We used four different kinds of classifiers - a linear support vector classifier, a random forest, a logistic regression, and a naive bayes classifier - and compared their performance. While the classifiers performed roughly similar to one another, some did outperform others. In the end, though, we combined the predictions of all of our classifiers to cast the widest net for misclassified crime reports.
It was also important to determine what our evaluation metric should be. While we trained our dataset on everything - both serious assaults, non-serious assaults, and downgraded assaults - we eventually realized all we should measure was how accurate we were in discriminating non-serious assaults from downgraded assaults.
Discussion topics#
- Our algorithm had 88% accuracy overall, but only 65% in detecting downgraded crimes. What's the difference here? How important is one score compared to the other?
- We only hit around 65% accuracy in finding downgraded crimes. Is this a useful score? How does it compare to random guessing, or going one-by-one through the crimes marked as non-serious?
- What techniques could we have used to find downgraded crimes if we didn't use machine learning?
- Is there a difference between looking at the prediction - the 0 or 1 - and looking at the output of
decision_function
? - What happens if our algorithm errs on the side of calling non-serious crimes serious crimes? What if it errs on the side of calling serious crimes non-serious crimes?
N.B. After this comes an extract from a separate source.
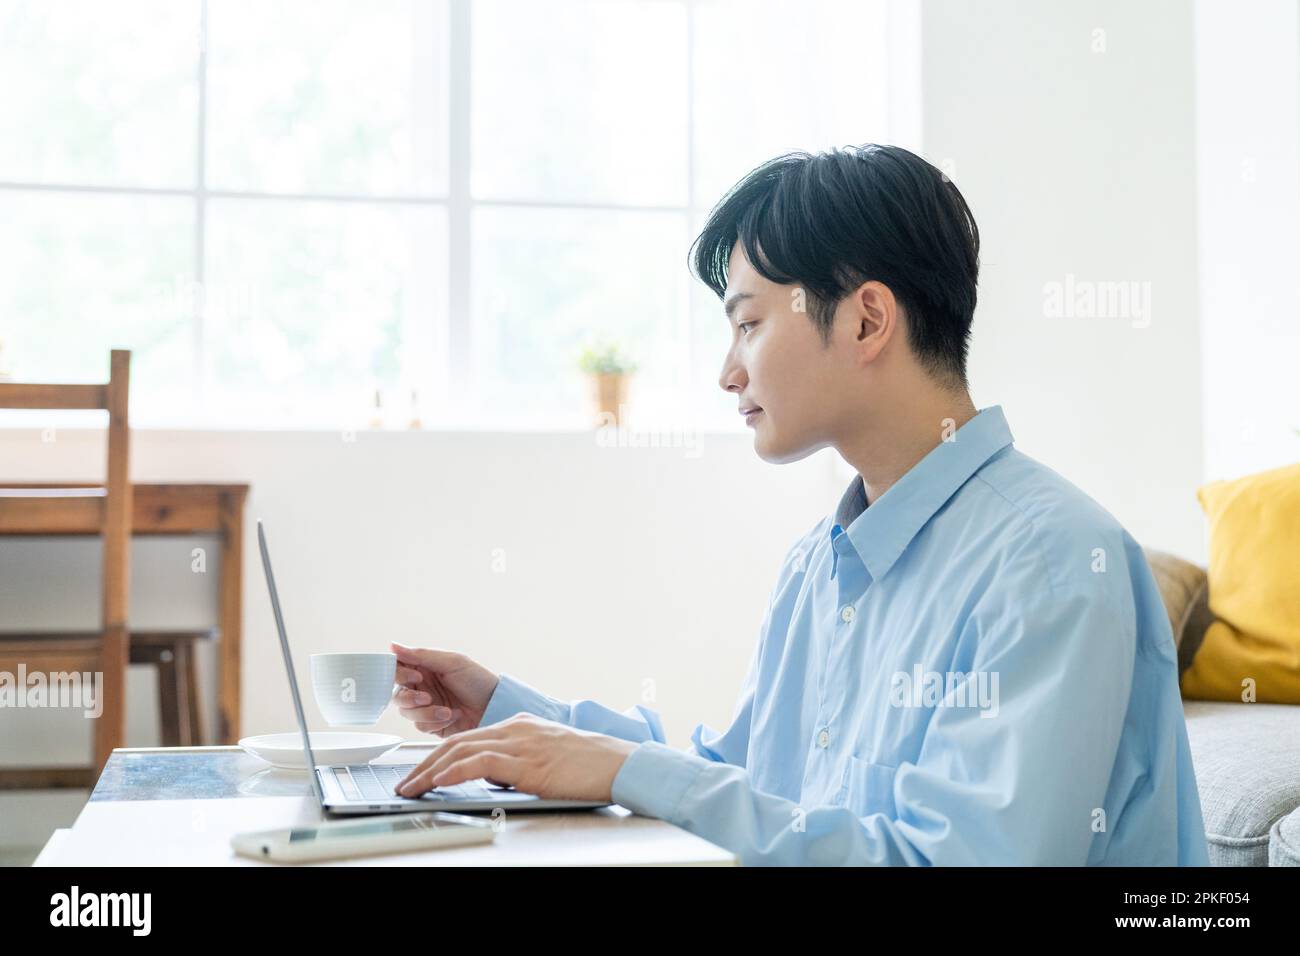 Man working remotely Stock Photo

- If we want to find more downgraded cases (but do more work), we'll want to err on the side of examining more potentially-serious cases. Is there a better method than picking random cases?
- One of our first steps was to eliminate all crimes that weren't assaults. How do you think this helped or hindered our analysis?
- Why did we use LinearSVC instead of another classifier such as LogisticRegression, RandomForest or Naive Bayes (MultinomialNB)? Why might we try or not try those?
- You don't work for the LAPD, so you can only be so sure what should and shouldn't be a serious crime. What can you do to help feel confident that a case should be one or the other, or that our algorithm is working as promised?
- In this case, we randomly picked serious crimes to downgrade. Would it be easier or more difficult if the LAPD was systematically downgrading certain types of serious crimes? Can you think of a way to around that sort of trickery?
- Many people say you need to release your data and analysis in order to have people trust what you've done. With something like this dataset, however, you're dealing with real things that happened to real people, many of whom would probably prefer to keep these things private. Is that a reasonable expectation? If it is, what can be done to bridge the gap between releasing all of the original data and keeping our process secret?